Основной инстинкт

Яков Заморённый
Совсем никогда не знаешь, что тебе пригодится в будущей жизни. Ходишь в школу. Таскаешь груду учебников и тетрадок, зубришь назубок «Мой дядя самых честных правил» или «Скажи-ка, дядя, ведь недаром», сопишь, выводишь в прописях буковки, стараешься. А во взрослой жизни всё по-другому - сидишь себе в кабинете на двадцать первом этаже с окном во всю стену, с видом на свою школу. Ту самую, которая тебя учила совсем не тому, что тебе потом пригодится.  Так вот ведь онегинский дядя не помог и не пригодился, ни даже лермонтовский из «Бородино», а помог свой собственный дядя, как за глаза его с любовью в семье называют - наш «нефтедоллар ходячий».

 А русский язык и математика, из-за которых предки шпыняли постоянно, так вообще не в кассу. Это секретарша и русский должна знать, и английский, и ещё физику, чтобы кофе сварить, да и с физкультурой дружить, чтобы мышцы упругие где надо и походка, как у Мерлин Монро из киношки. В общем, как ни учись, надёжнее всё-таки, чтобы дядя, или папа, или кто-нибудь из родни мог подставить своё плечо под всю необъятную пригоршню твоих знаний.

   Это я по-стариковски про сегодняшнюю молодёжь ворчу-бурчу, ясное дело, от зависти. Мы-то совсем не то учили, нас-то готовили с тысяча девятьсот восьмидесятого года жить при коммунизме. Даже в школьных учебниках про то было написано. Но управляли нами люди совестливые, потому прежде чем кидать нас в пучину коммунизма, они отважно проводили все эти коммунистические испытания на себе. Проверяли, не жалея живота своего.

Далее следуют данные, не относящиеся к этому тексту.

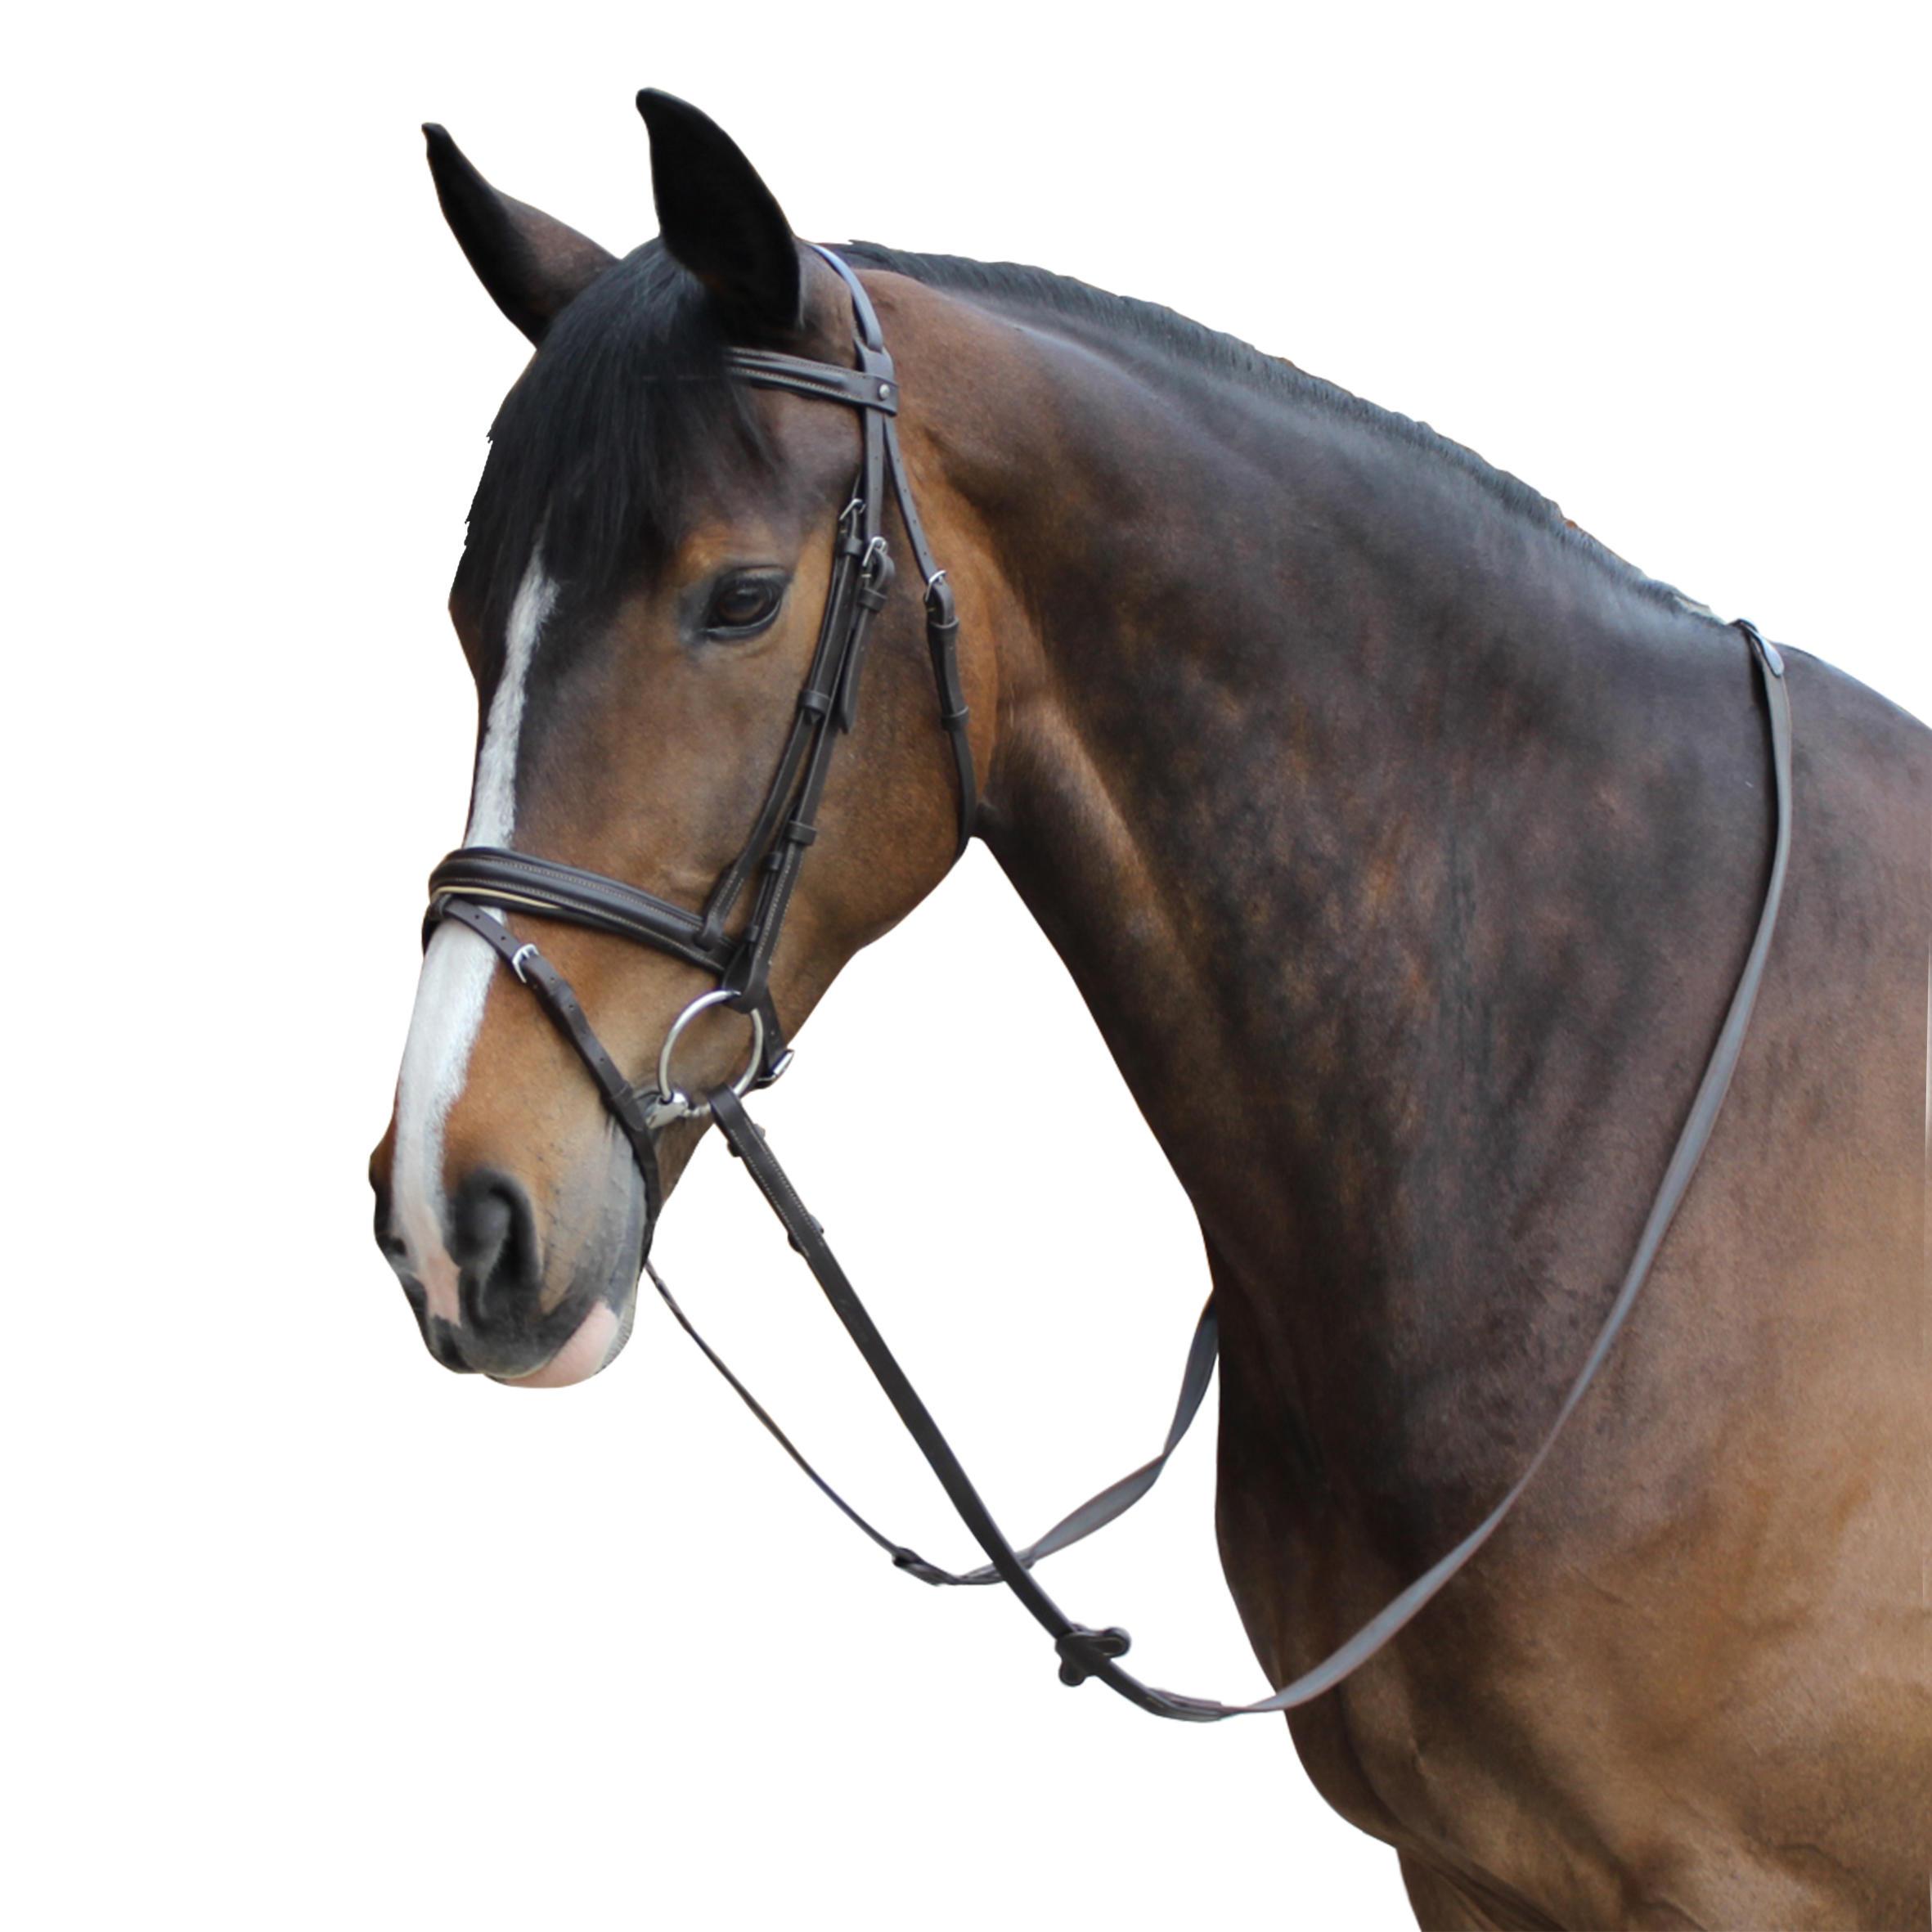 Edinburgh Horseback and Pony Riding Bridle and Reins - Brown

  Да как не проверить, если классики бородатые начертали: от каждого по способностям - каждому по потребностям. Проверяли насчёт потребностей. Проверяли серьёзно, прямо можно сказать, делали смертельный эксперимент, без шуток, действительно до самой смерти. Смотрели, сколько может протянуть отдельный индивидуум на чёрной икре, мраморной говядине и колбасных изделиях из спеццеха.

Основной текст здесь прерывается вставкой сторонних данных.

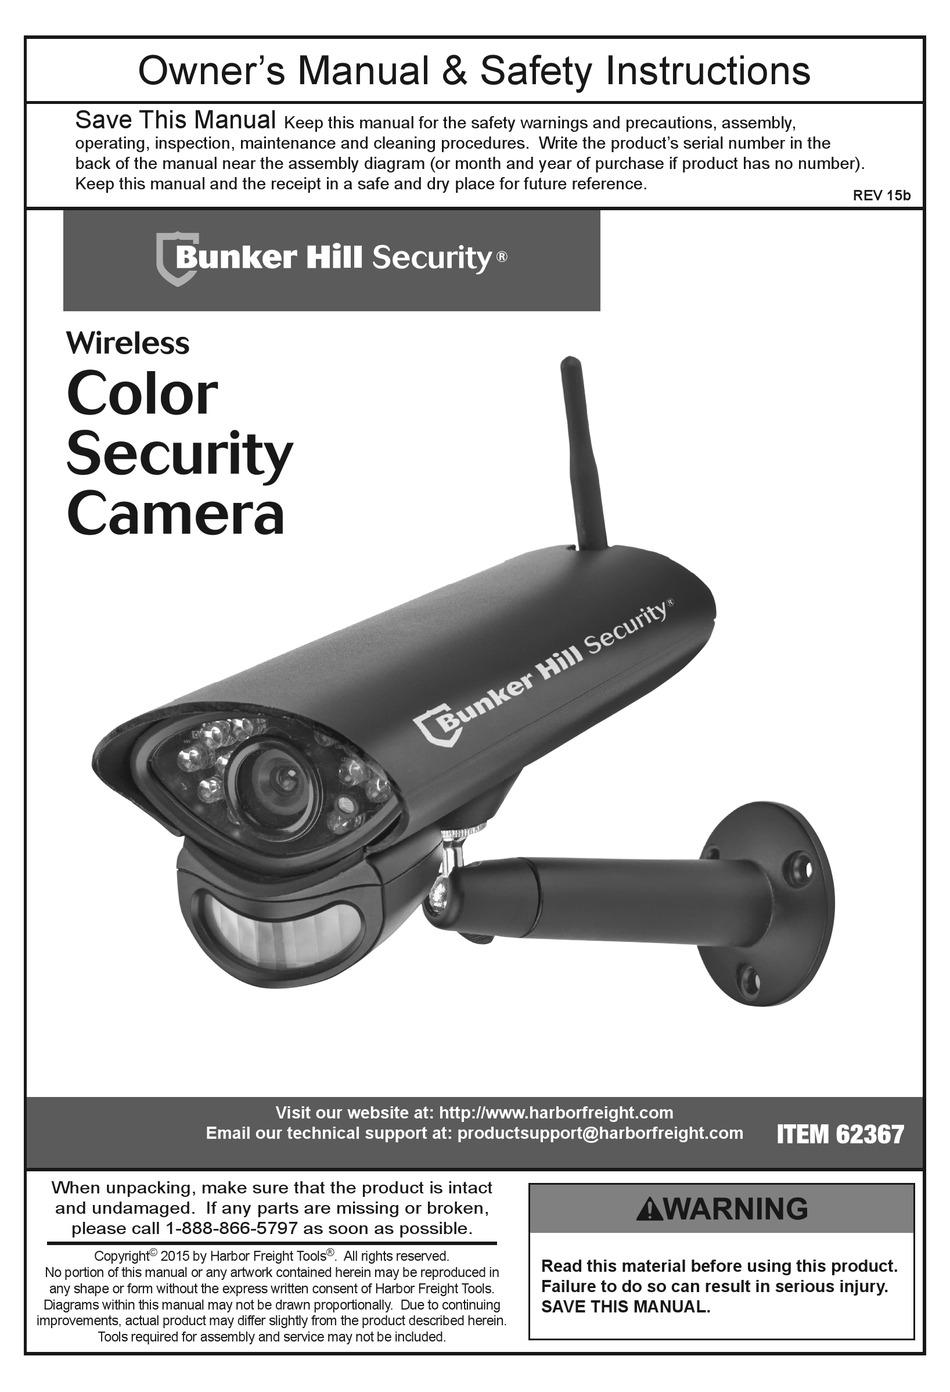 Bunker Hill Security Mobile Setup : bunker, security, mobile, setup, BUNKER, SECURITY, 62367, OWNER'S, MANUAL, Download, ManualsLib

  При этом к ним был прикреплён штат академиков, кои и вели надлежащий контроль за состоянием всяких там внутренних коммуникаций, причём один смотрел в открытый рот, а другой светил фонариком прямо с противоположной стороны.  Но видать, академики недоглядели, а может, коммунизм - сильно вредная штука: только полегли генсеки один за другим. Полегли ради нашего счастья и права на труд, и права встать в очередь на всё, начиная от туалетной бумаги и заканчивая квартирой. Вот ведь какая вредная штука коммунизм оказалась. Но Родина не забыла своих героев: и корабли, и фабрики, и проспекты, и улицы - всё назвало в их честь.
 
  Ну а реставрация, скажите пожалуйста, здесь при чём? Да как это сказать-то, да не причём вовсе.  Хотя нашему брату, реставратору, иногда приходилось сталкиваться с этими отважными «парнями» преклонного возраста, положившими свои жизни в неравной схватке с балыком, осетриной, камчатским крабом и вырезкой, фуагра и шейкой.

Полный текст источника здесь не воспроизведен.